Henderson explained how for Indigenous communities, police have been a source of danger, rather than a place of security. When women are murdered or missing, communities often receive little follow-up from the police.
“The police don’t take missing persons reports of native women seriously,” Henderson explained. “Especially with sex workers.”
This is highlighted by a high-profile investigation conducted by Radio-Canada’s Enquête in 2015, which found numerous reports of abuse by Sûreté du Québec officers toward Indigenous women in Val-d’Or.

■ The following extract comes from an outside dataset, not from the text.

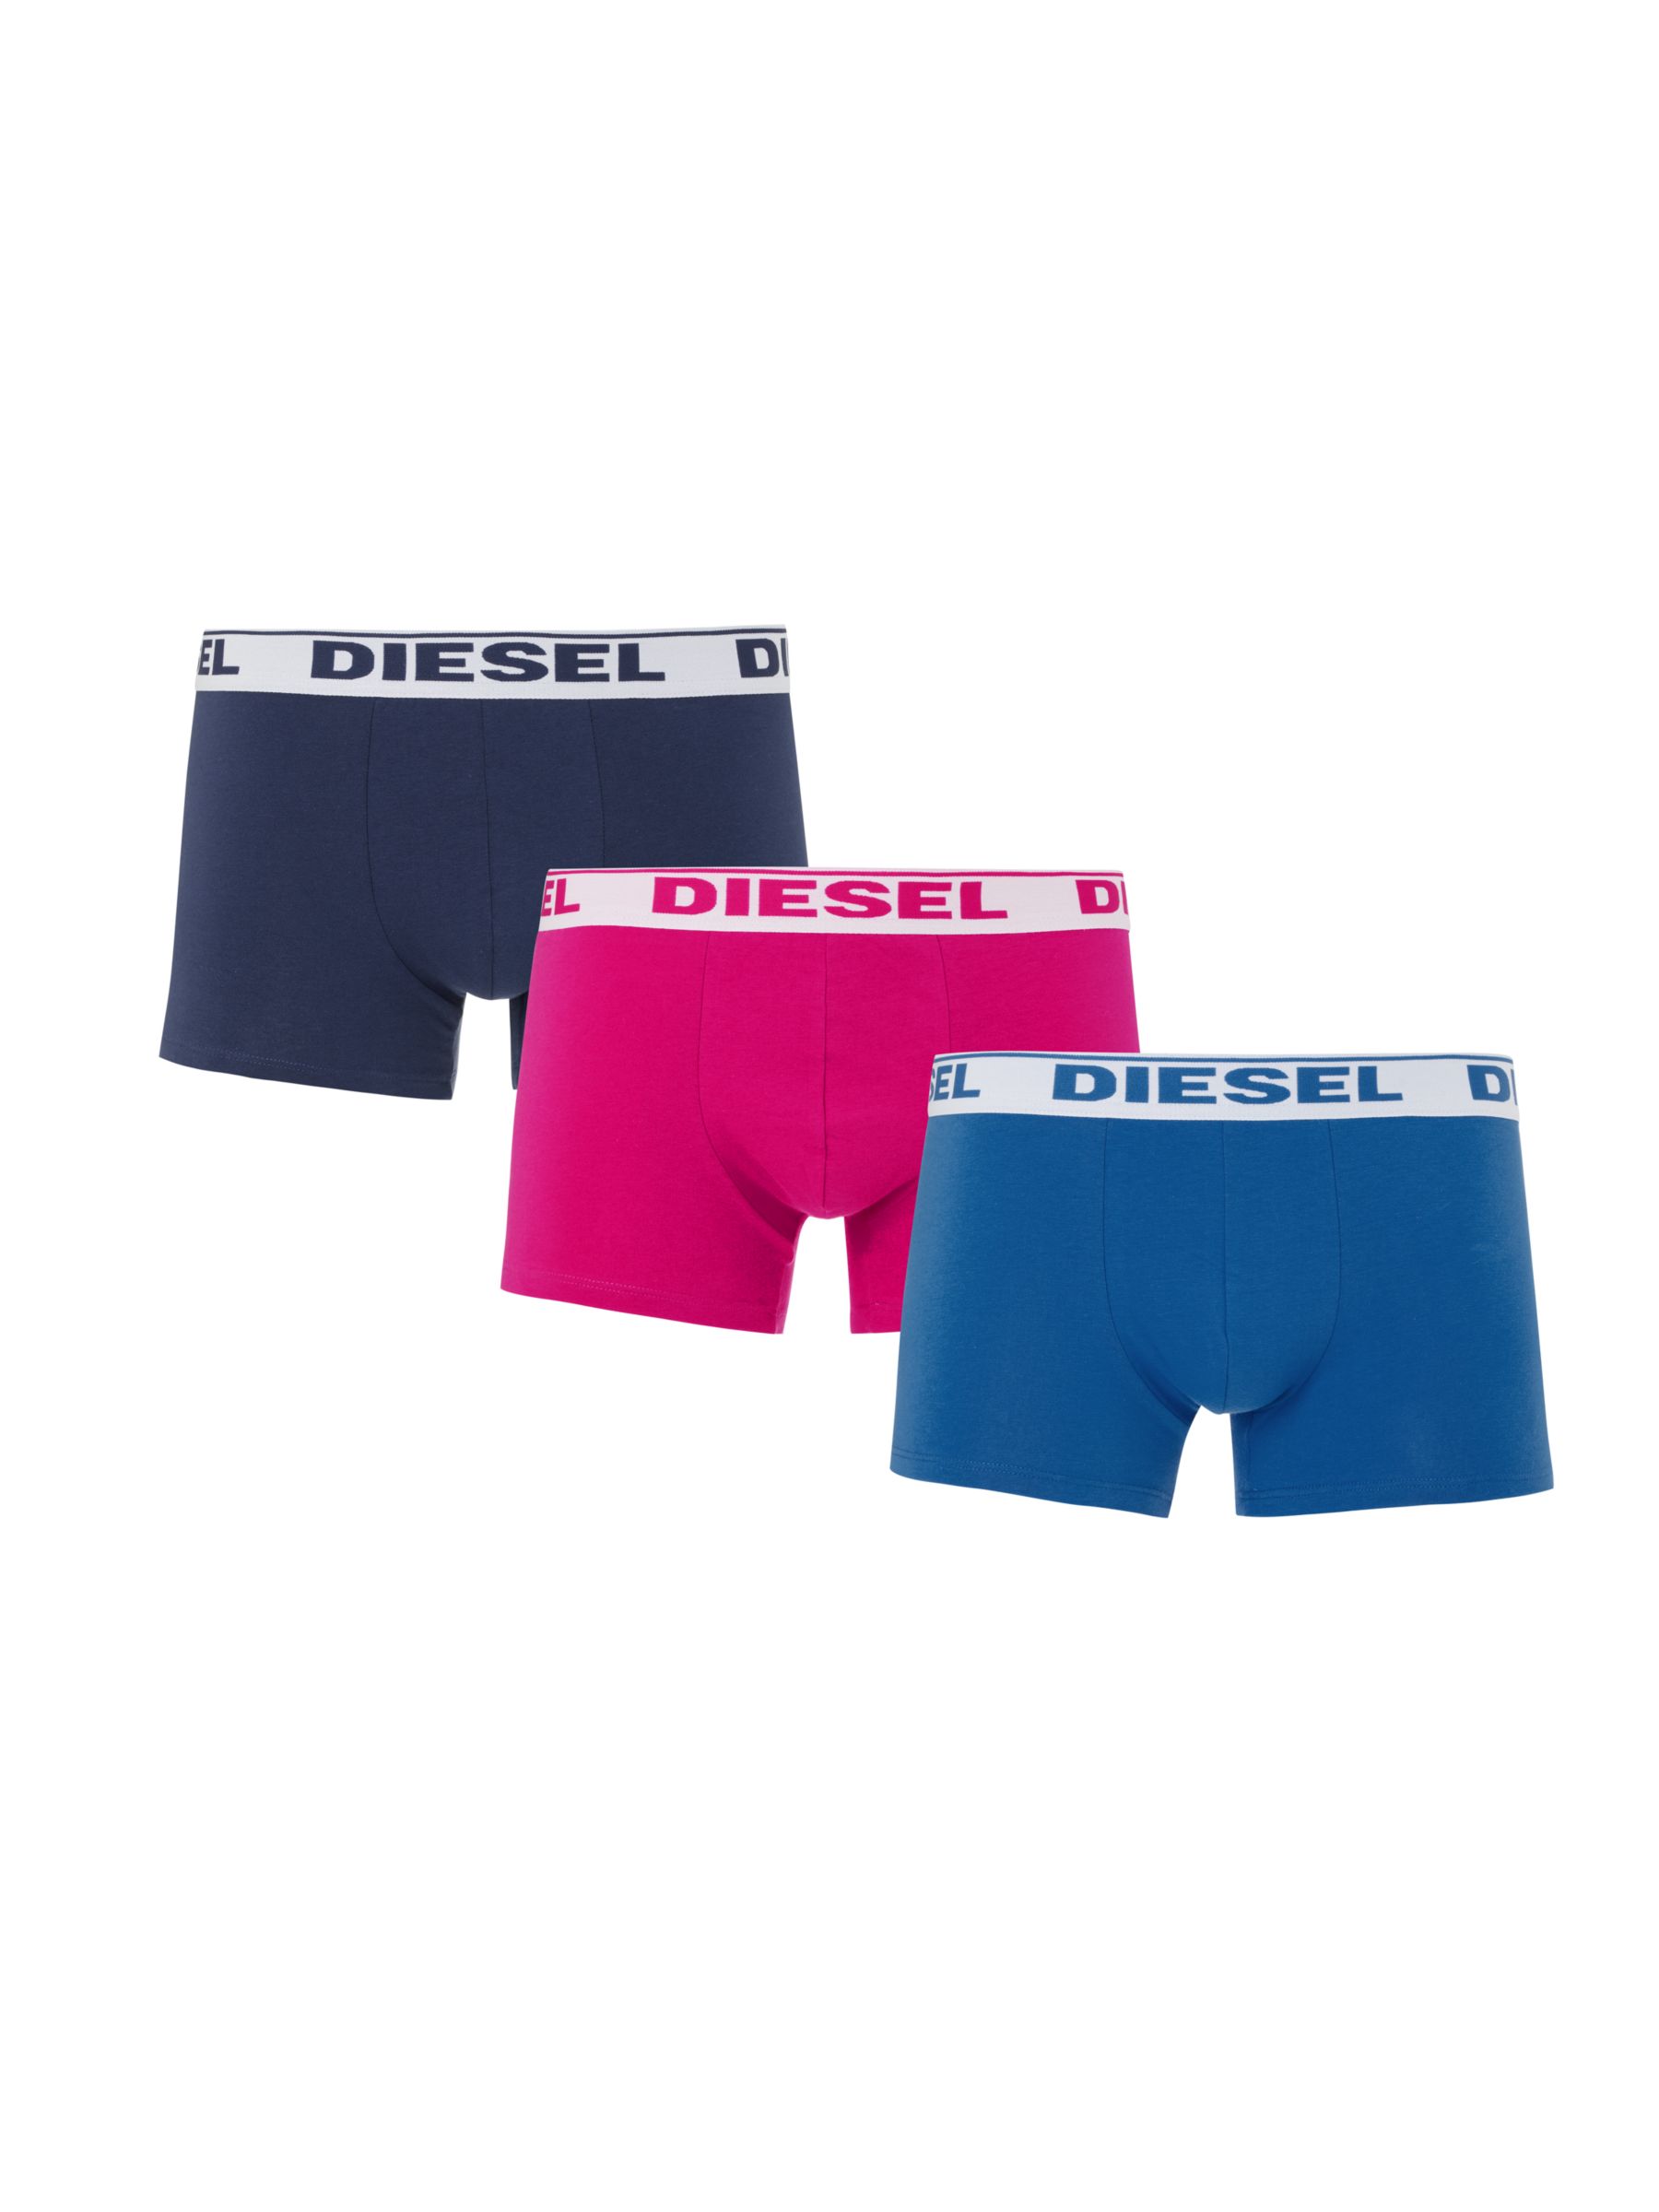 Diesel Shawn Boxer Trunks, Pack of 3, Navy/Blue/Orange, XL

In January, the federal government said they would expand the inquiry into Missing and Murdered Indigenous Women to include more than the slated 1,200 existing cases of abuse from the past 30 years.
Obodoechina furthered Tuesday’s discussion to include mainstream media’s role in perpetuating stereotypes against Indigenous people.
“We live in a mediated society,” she said. “It can be a great source of information and of misinformation.” She used examples like old dime novels and Wild West shows, to explain how many non-Indigenous people came to think about Indigenous culture.
On Tuesday, Oct. 4, there will be a march for Murdered and Missing Indigenous Women at 6:00 p.m. at Place Émilie-Gamelin. This is the 11th annual memorial march and vigil to raise awareness and honour the approximate 1,200 who have gone missing or been murdered between 1980 and 2012—although the Native Women’s Association of Canada estimates the number is as high as 4,000.